DATA SHOWN below:
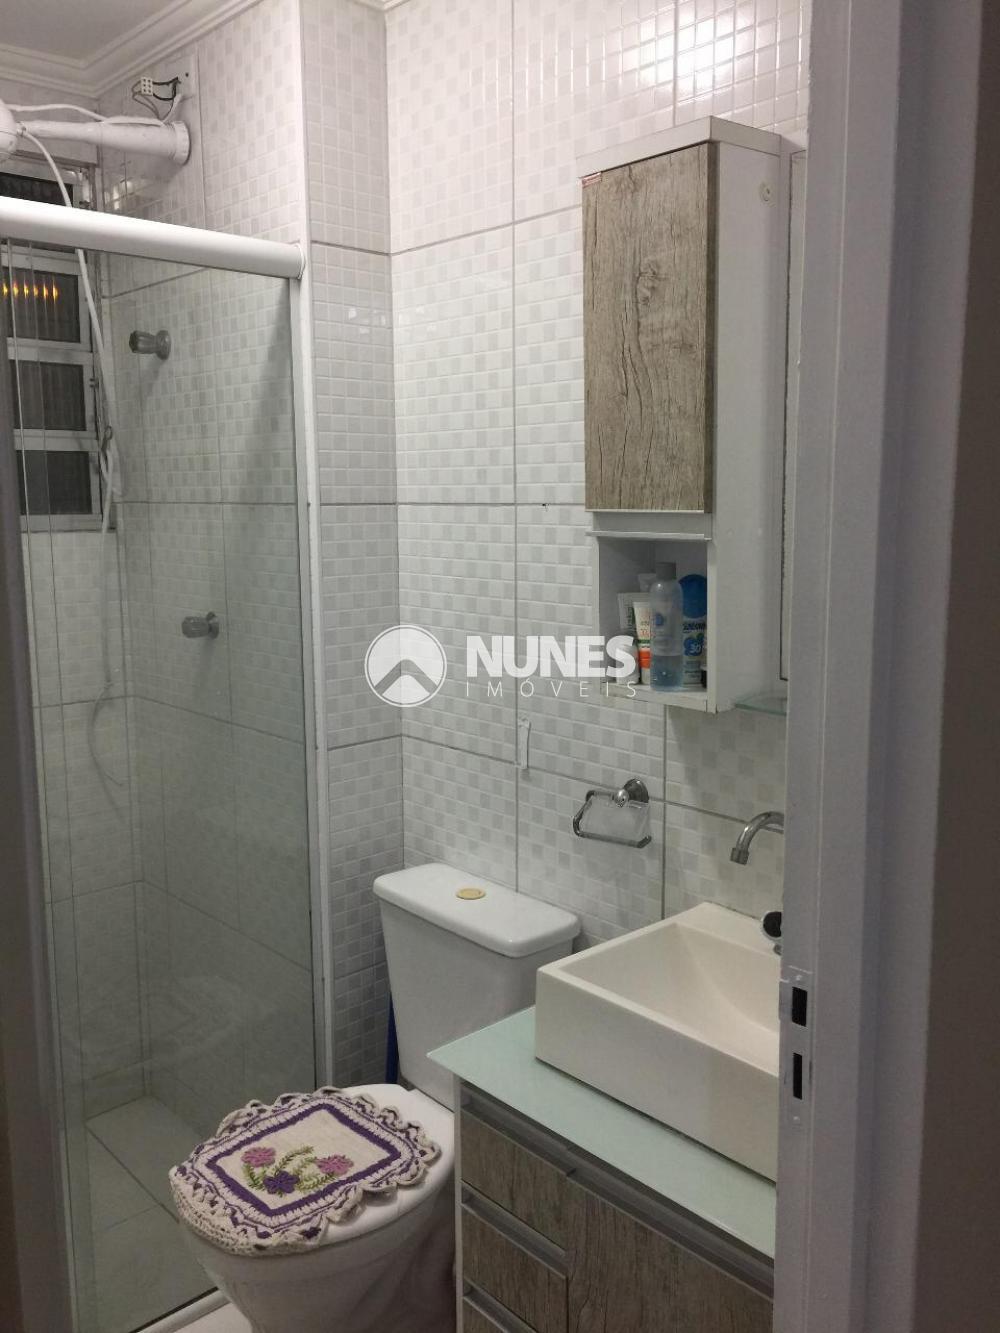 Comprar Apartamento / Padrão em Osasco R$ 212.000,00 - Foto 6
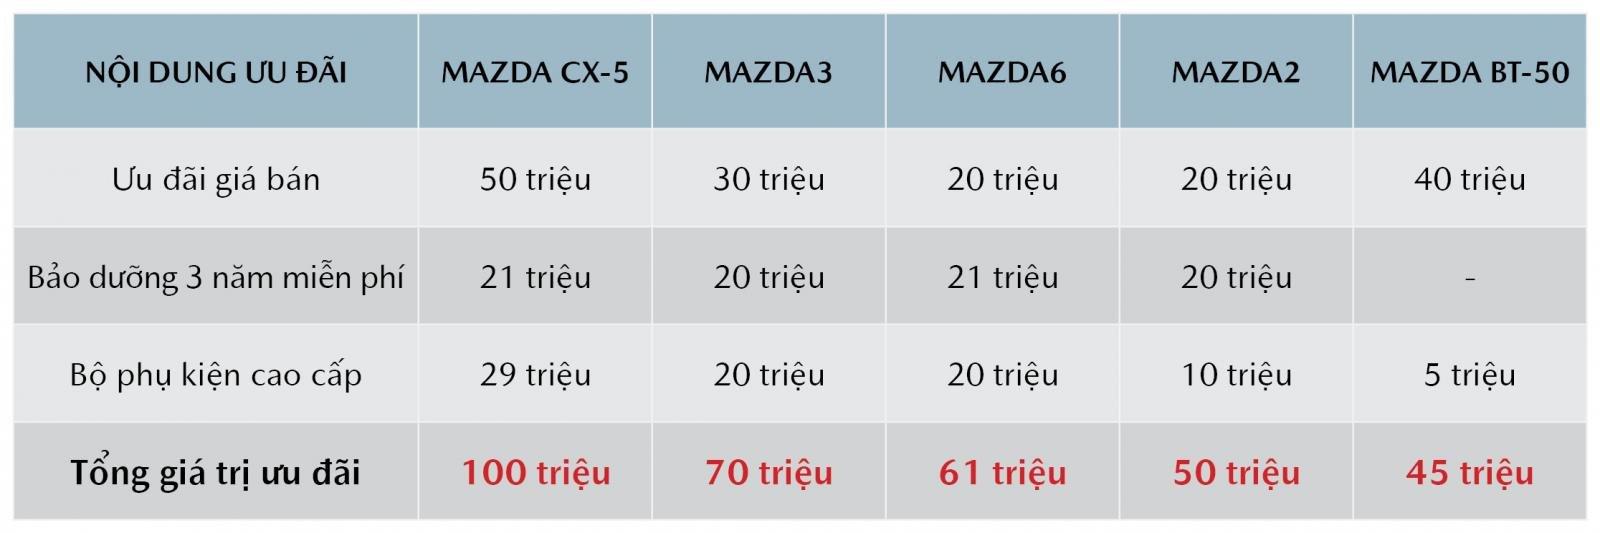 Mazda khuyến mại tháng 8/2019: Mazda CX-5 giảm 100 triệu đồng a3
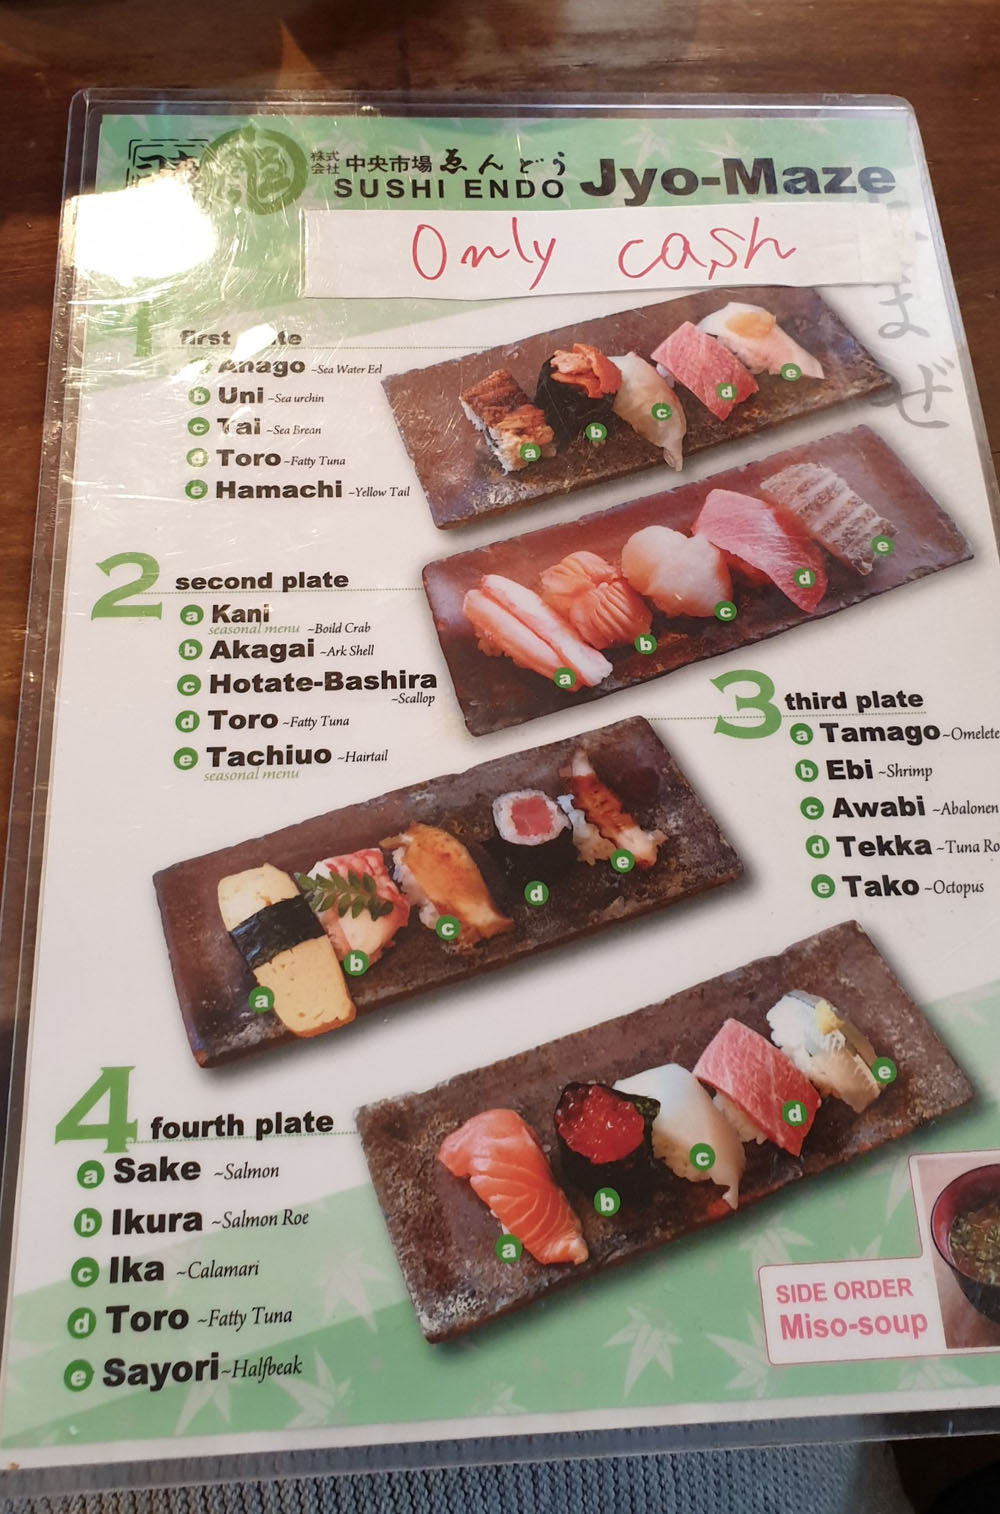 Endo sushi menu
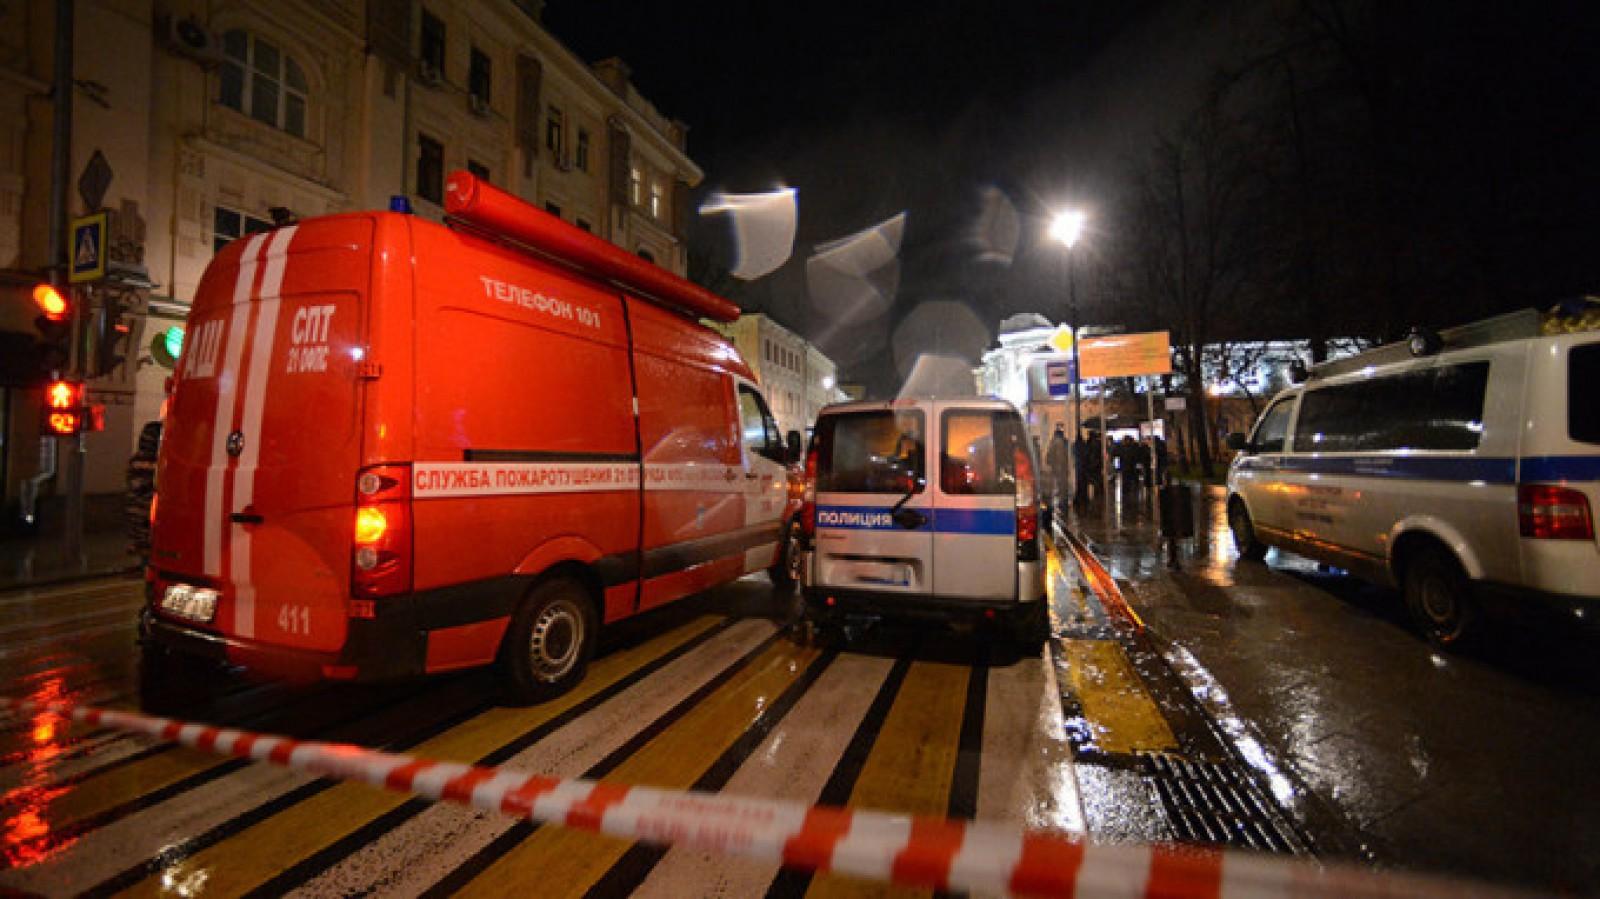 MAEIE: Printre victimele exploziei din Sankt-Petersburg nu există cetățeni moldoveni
End of DATA SHOWN.
#### [INSTRUCTIONS TO FOLLOW]
Without including any picture, output all the material exactly as it appears.

#### [ANSWER]
 Comprar Apartamento / Padrão em Osasco R$ 212.000,00 - Foto 6
 Mazda khuyến mại tháng 8/2019: Mazda CX-5 giảm 100 triệu đồng a3
 Endo sushi menu
 MAEIE: Printre victimele exploziei din Sankt-Petersburg nu există cetățeni moldoveni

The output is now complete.